CVE-2025-2241 (CVSS3 Base 8.2, EPSS Percentile 5.61%)

A flaw was found in Hive, a component of Multicluster Engine (MCE) and Advanced Cluster Management (ACM). This vulnerability causes VCenter credentials to be exposed in the ClusterProvision object after provisioning a VSphere cluster. Users with read access to ClusterProvision objects can extract sensitive credentials even if they do not have direct access to Kubernetes Secrets. This issue can lead to unauthorized VCenter access, cluster management, and privilege escalation.

https://access.redhat.com/security/cve/CVE-2025-2241

CVE-2025-29781 (CVSS3 Base 6.2, EPSS Percentile 11.72%)

The Bare Metal Operator (BMO) implements a Kubernetes API for managing bare metal hosts in Metal3. Baremetal Operator enables users to load Secret from arbitrary namespaces upon deployment of the namespace scoped Custom Resource `BMCEventSubscription`. Prior to versions 0.8.1 and 0.9.1, an adversary Kubernetes account with only namespace level roles (e.g. a tenant controlling a namespace) may create a `BMCEventSubscription` in his authorized namespace and then load Secrets from his unauthorized namespaces to his authorized namespace via the Baremetal Operator, causing Secret Leakage.

https://github.com/metal3-io/baremetal-operator/security/advisories/GHSA-c98h-7hp9-v9hq

The MITRE ENGAGETM Advisory Engagement Framework

MITRE Engage™ emerged as an evolution of MITRE’s work in cyber deception and adversary engagement, building on nearly a decade of internal research and collaboration with the defense and intelligence communities. It was publicly launched by MITRE in 2021 as a complementary framework to MITRE ATT&CK, but with a different goal: rather than just mapping adversary behavior, Engage helps organizations proactively influence, delay, or collect intelligence on attackers.

Originally termed as MITRE Shield project — Engage consolidates practical knowledge about using deception technologies, honeypots, and strategic engagement tactics into a structured matrix similar to ATT&CK.

MITRE Engage is designed for:

  • Blue teams and threat hunters building active defense playbooks
  • Red teams and adversary emulation teams planning realistic attack scenarios
  • Threat intelligence analysts studying attacker behavior via engagement telemetry
  • CISOs and architects looking to incorporate cyber deception into risk mitigation

It is especially valuable for sectors with high-value assets (e.g., government, critical infrastructure, financial services) who want to go beyond detection and take control of adversary interactions.

For more details, see https://engage.mitre.org/

How is AI Strengthening Zero Trust?

The article was authored by Aparna Achanta, Principal Security Architect, IBM, and published recently in 2025.

The article uncovers some powerful key findings in zero-trust using AI. The author argues that security tools struggle to keep up with AI-powered cyberattacks, making Zero Trust architectures increasingly important.
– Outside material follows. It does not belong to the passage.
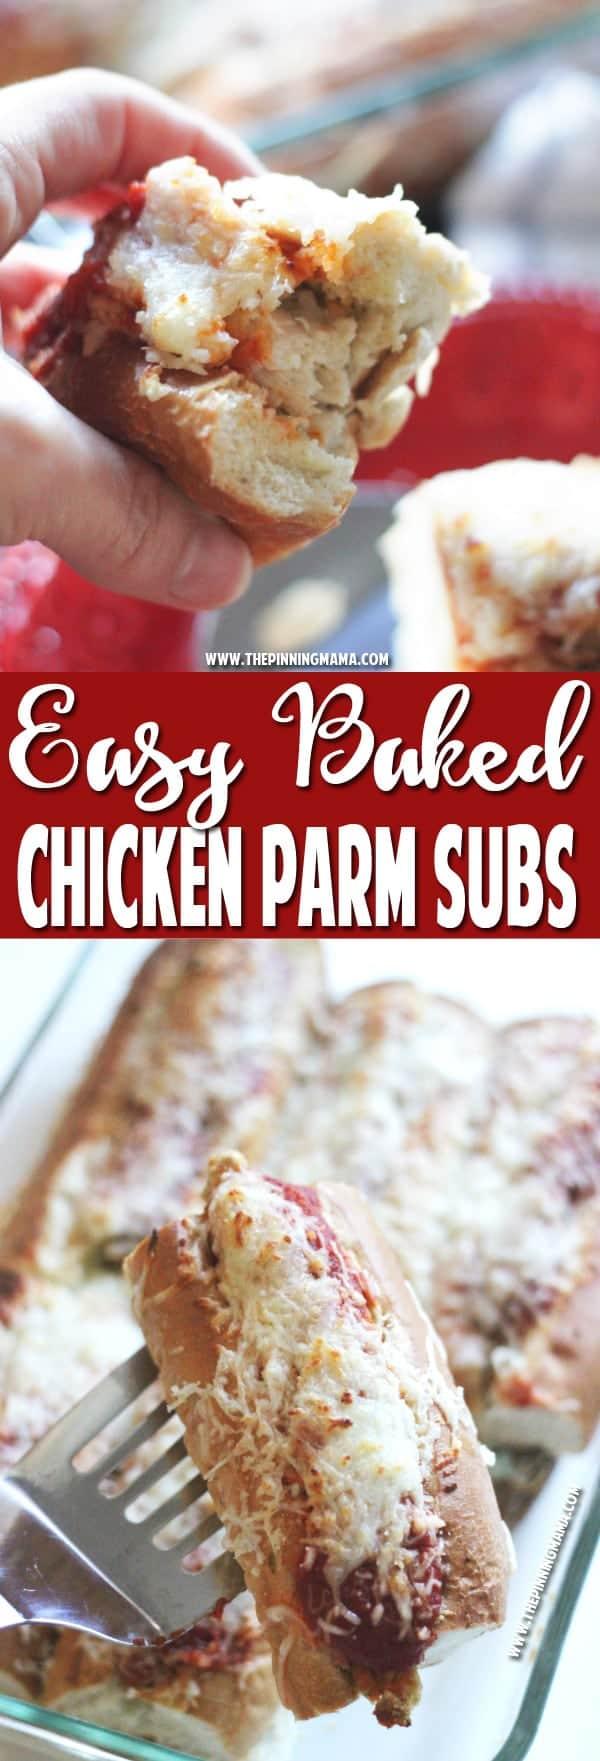 Baked Chicken Parmesan Sandwich recipe 5w

AI and automation enhances and strengthens Zero Trust by automating threat response, adapting access controls in real-time, and analyzing behavior to detect anomalies. However, organizations need to adopt AI-powered solutions within their Zero Trust frameworks for continuous analysis, authentication, and access management to effectively combat modern cyber threats. Regular training of AI models is also essential.

Because attackers utilize AI and genAI to generate exploits, integrating AI into Zero Trust is crucial to detect and neutralize sophisticated threats like AI-powered phishing. Furthermore, dynamic adjustment to user access based on risk assessments, incorporating factors like location, device security, and behavior are common, and hence the need to frequently reassess risks and priorities, and enable Just-in-Time (JIT) and Just-Enough-Access (JEA) principles.
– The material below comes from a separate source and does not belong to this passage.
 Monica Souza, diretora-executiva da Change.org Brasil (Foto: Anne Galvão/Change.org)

For more details, see https://cloudsecurityalliance.org/blog/2025/02/27/how-is-ai-strengthening-zero-trust 

Calculating Risks using NIST 800-30 Framework

The NIST 800-30 framework provides a structured approach to assessing security risks by focusing on the interplay among threats, vulnerabilities, impacts, and likelihood. One of the key elements is evaluating the likelihood of threat events, which refers to the probability that a given vulnerability will be exploited, resulting in an adverse impact. In Section 2.3.1 of the guide, this is described as the “Threat Event Likelihood”, a combination of adversary intent, capability, and the effectiveness of existing controls. Importantly, this is not a purely statistical probability but a qualitative judgment based on observable indicators and informed assumptions.

NIST recommends assigning likelihood scores on a qualitative scale from 0 to 100, which can then be grouped into tiers such as: Low (0–30), Moderate (31–70), and High (71–100). This scoring reflects how plausible a threat event is, considering both known adversary behavior and the exposure of the asset in question.

Risk is calculated by combining this likelihood score with the potential impact of a successful exploitation. Impact itself can also be quantified using organizational values (financial loss, operational disruption, legal penalties, etc.), allowing a risk matrix or risk score to be generated for prioritization. This method helps decision-makers focus on the most critical threats by balancing evidence, adversary posture, and consequence. The NIST 800-30 framework is particularly useful because it supports both qualitative and semi-quantitative models, enabling organizations of all maturity levels to implement practical, defensible risk assessments aligned with federal and industry best practices.

NIST SP 800-30 Rev. 1 Guide for Conducting Risk Assessments

https://csrc.nist.gov/pubs/sp/800/30/r1/final

Bridging the Gap: A Study of AI-based Vulnerability Management between Industry and Academia, Wan et al., May 2024

Cybersecurity researchers investigate the disconnect between academic research and industry adoption of AI in software vulnerability management. In this research manuscript titled “Bridging the Gap: A Study of AI-based Vulnerability Management between Industry and Academia” The article was published in IEEE/IFIP International Conference on Dependable Systems and Networks, Industry Track in May 2024. The authors specifically discuss the challenges faced in Vulnerability Assessment, Vulnerability Repair and Security Training. The authors propose AI opportunities including AI for each of those, and show that AI models promise in outperforming traditional static analysis tools, the industry remains hesitant. Through discussions and observations, the authors identify three main barriers: complicated requirements for scalability and prioritization, limited customization flexibility, and unclear financial implications. The study also notes that research is hindered by a lack of real-world security data and expertise. The authors propose future directions to better align research with industry needs, improve the usability of AI-based security vulnerability research, and foster collaboration between industry and academia.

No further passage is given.